━━━━━ Supplied information
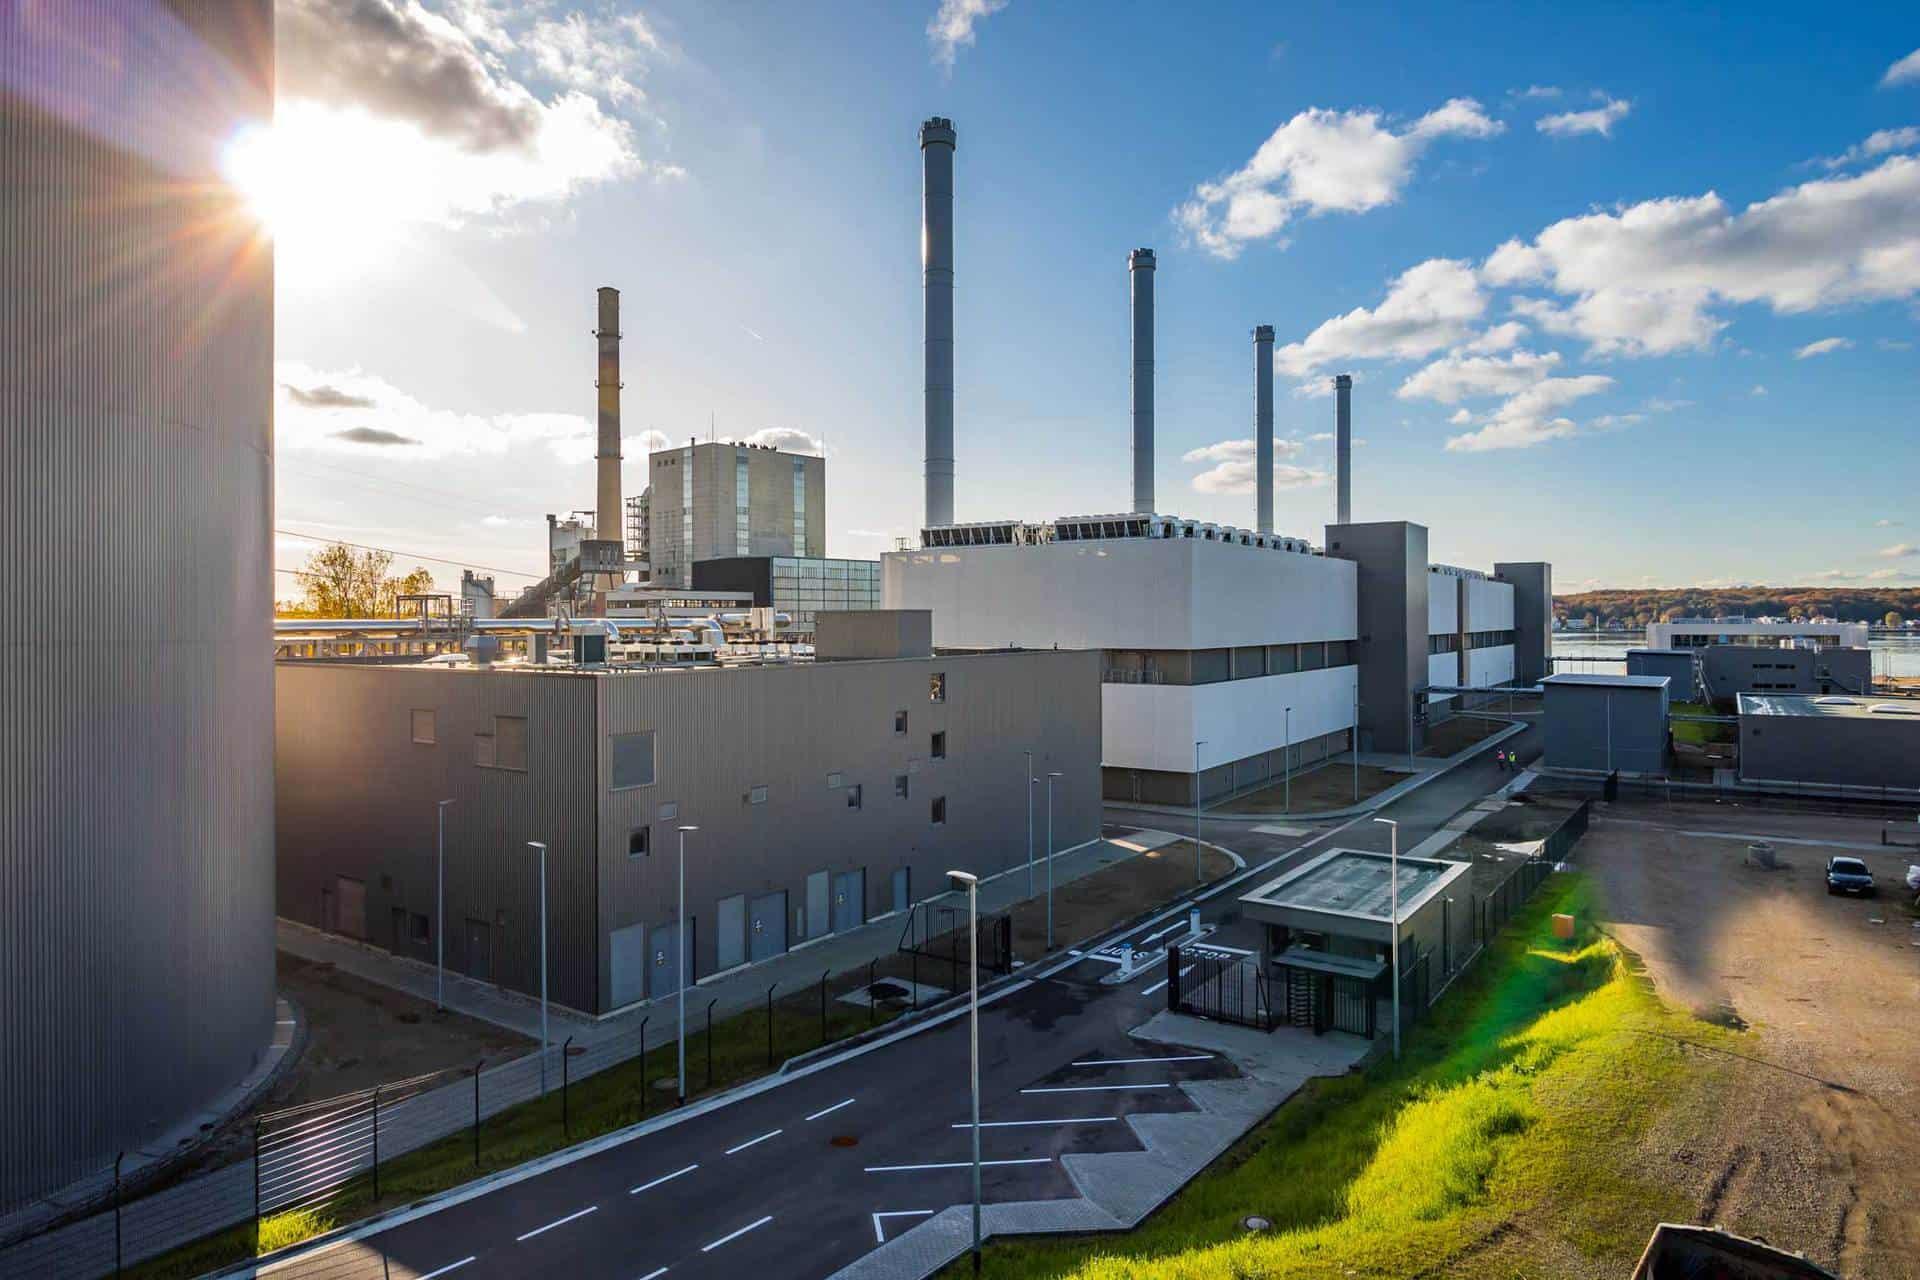 Küstenkraftwerk in Kiel
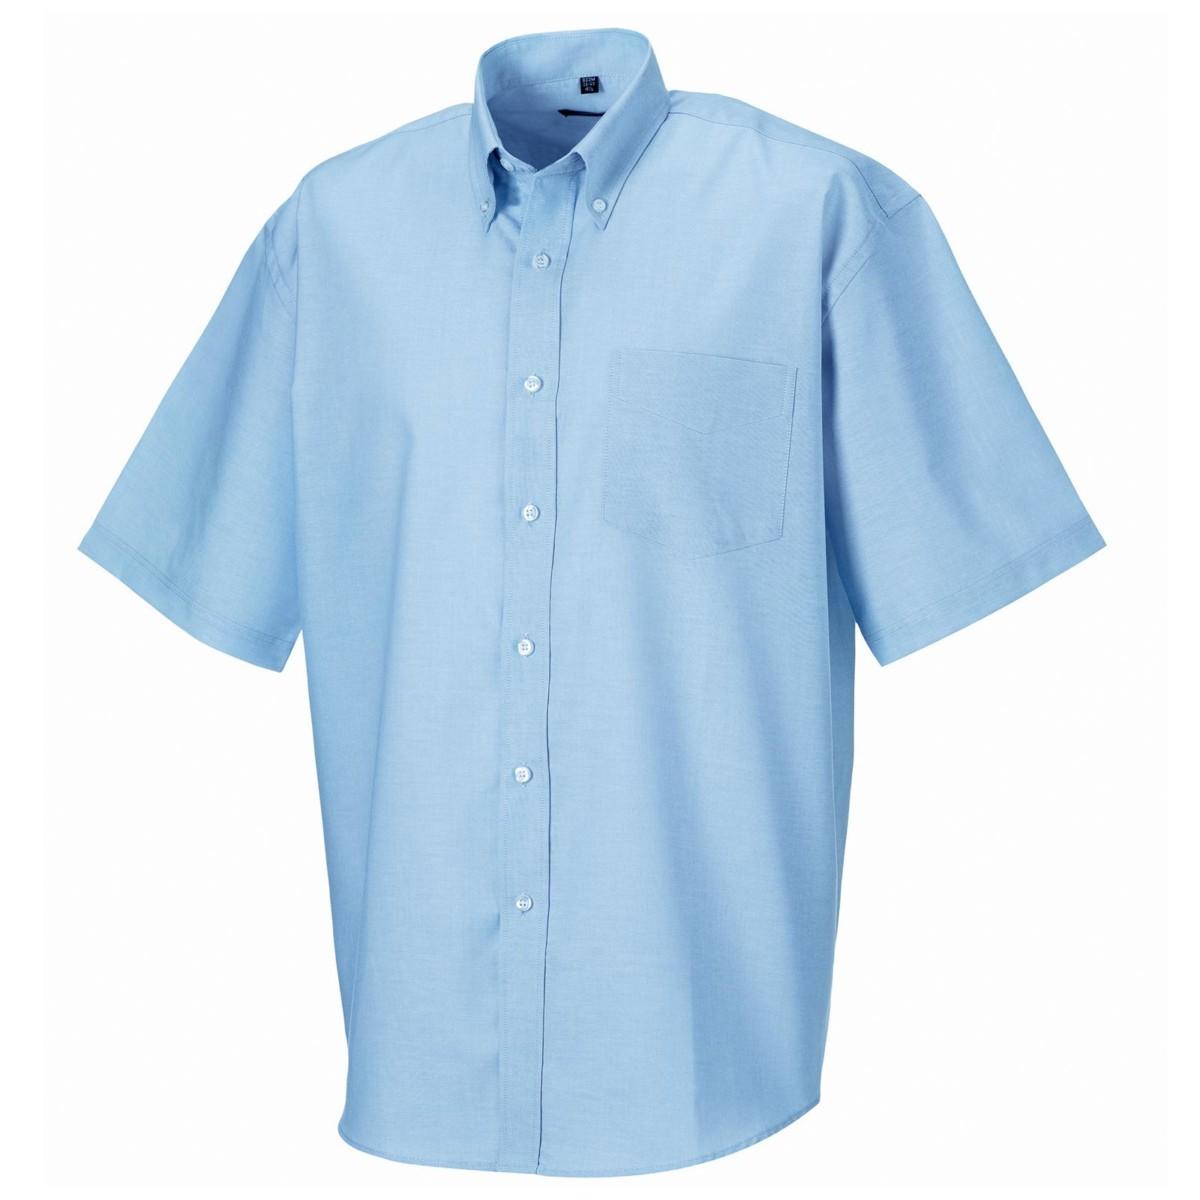 Vêtements, accessoires > Hommes: vêtements > Chemises habillées
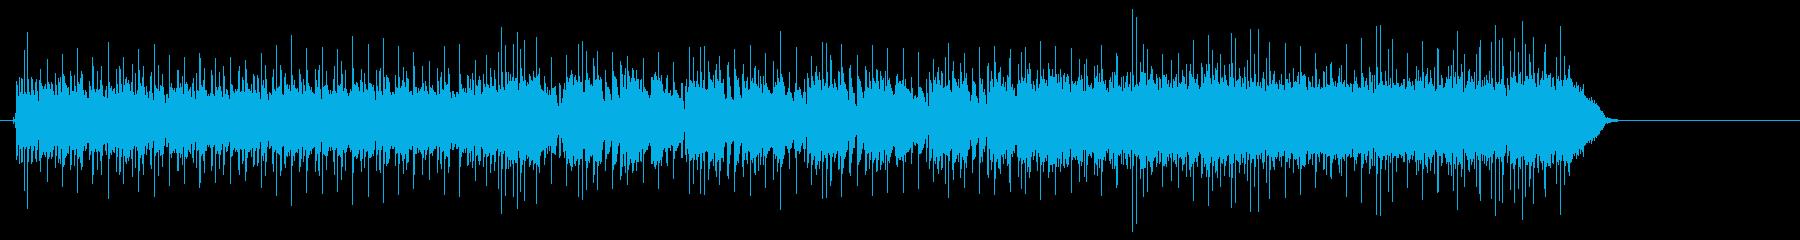 ギターの余韻が強烈な鋭角的スピードメタルの再生済みの波形
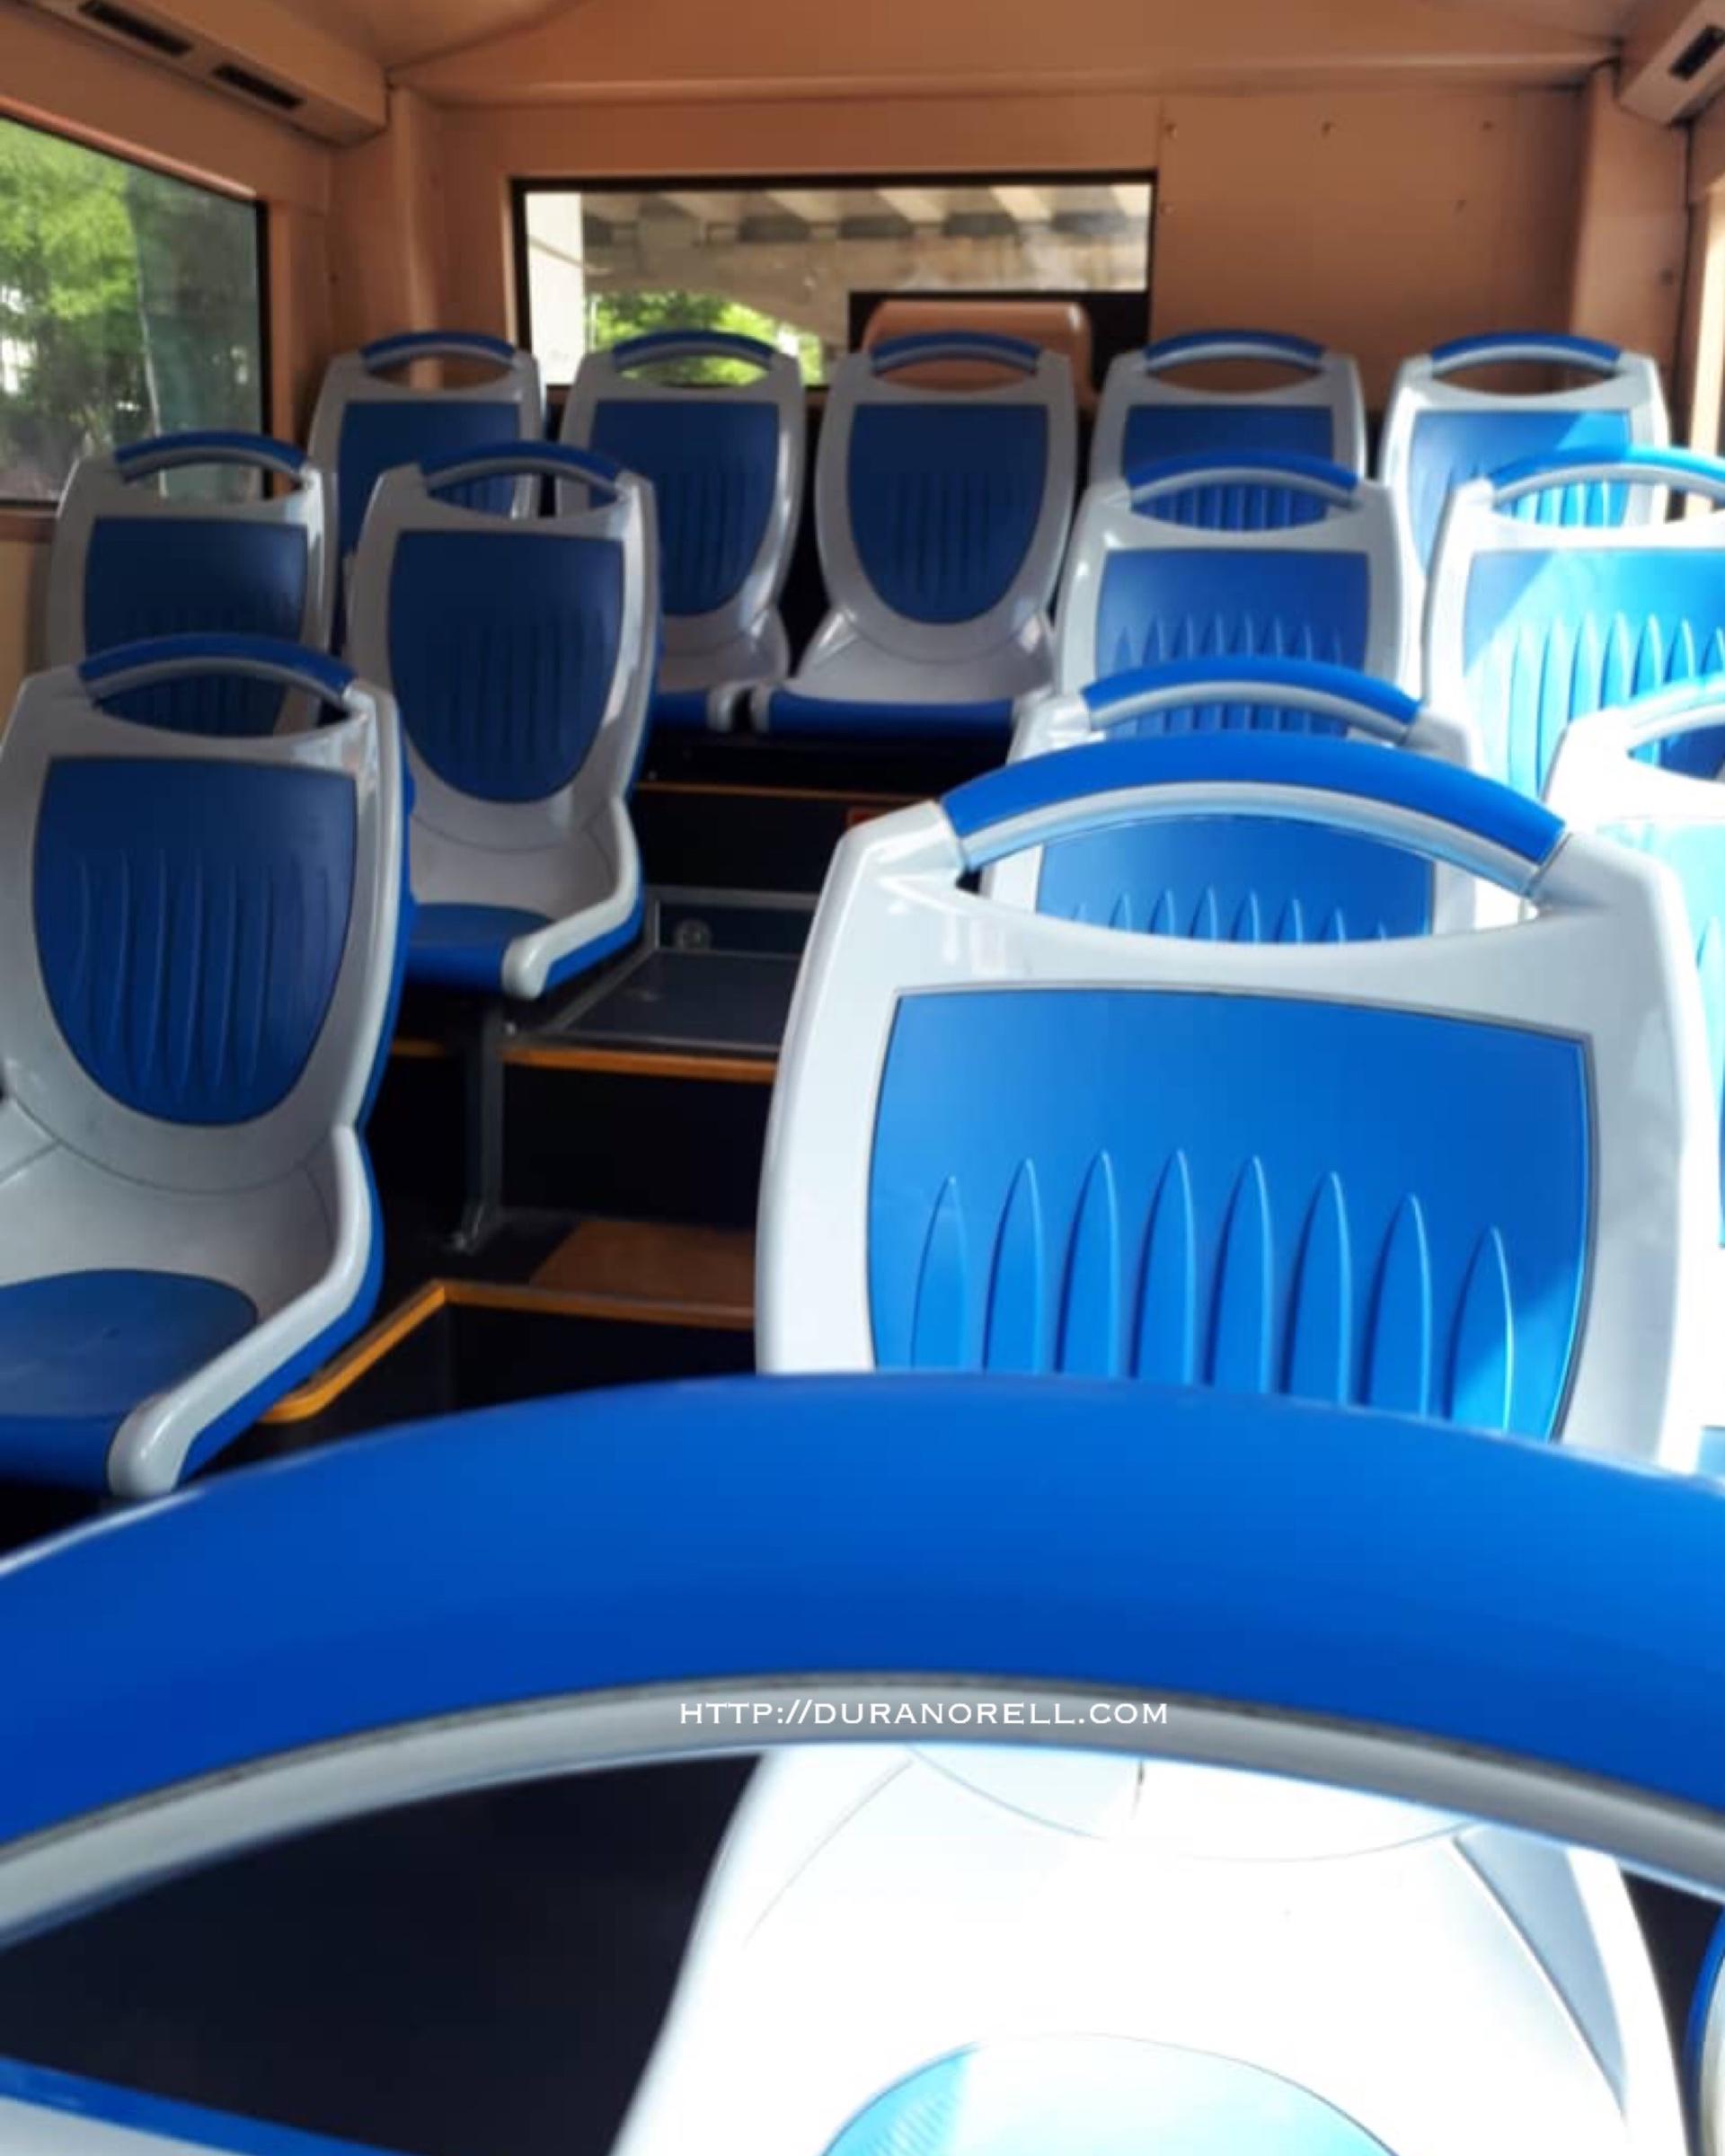 Bas Percuma GOKL Turquoise Line LRT Dato' Keramat
━━━━━━━━━━
The data above should be restated exactly, with its images dropped.

**Response for this exercise**
 Küstenkraftwerk in Kiel
 Vêtements, accessoires > Hommes: vêtements > Chemises habillées
 ギターの余韻が強烈な鋭角的スピードメタルの再生済みの波形
 Bas Percuma GOKL Turquoise Line LRT Dato' Keramat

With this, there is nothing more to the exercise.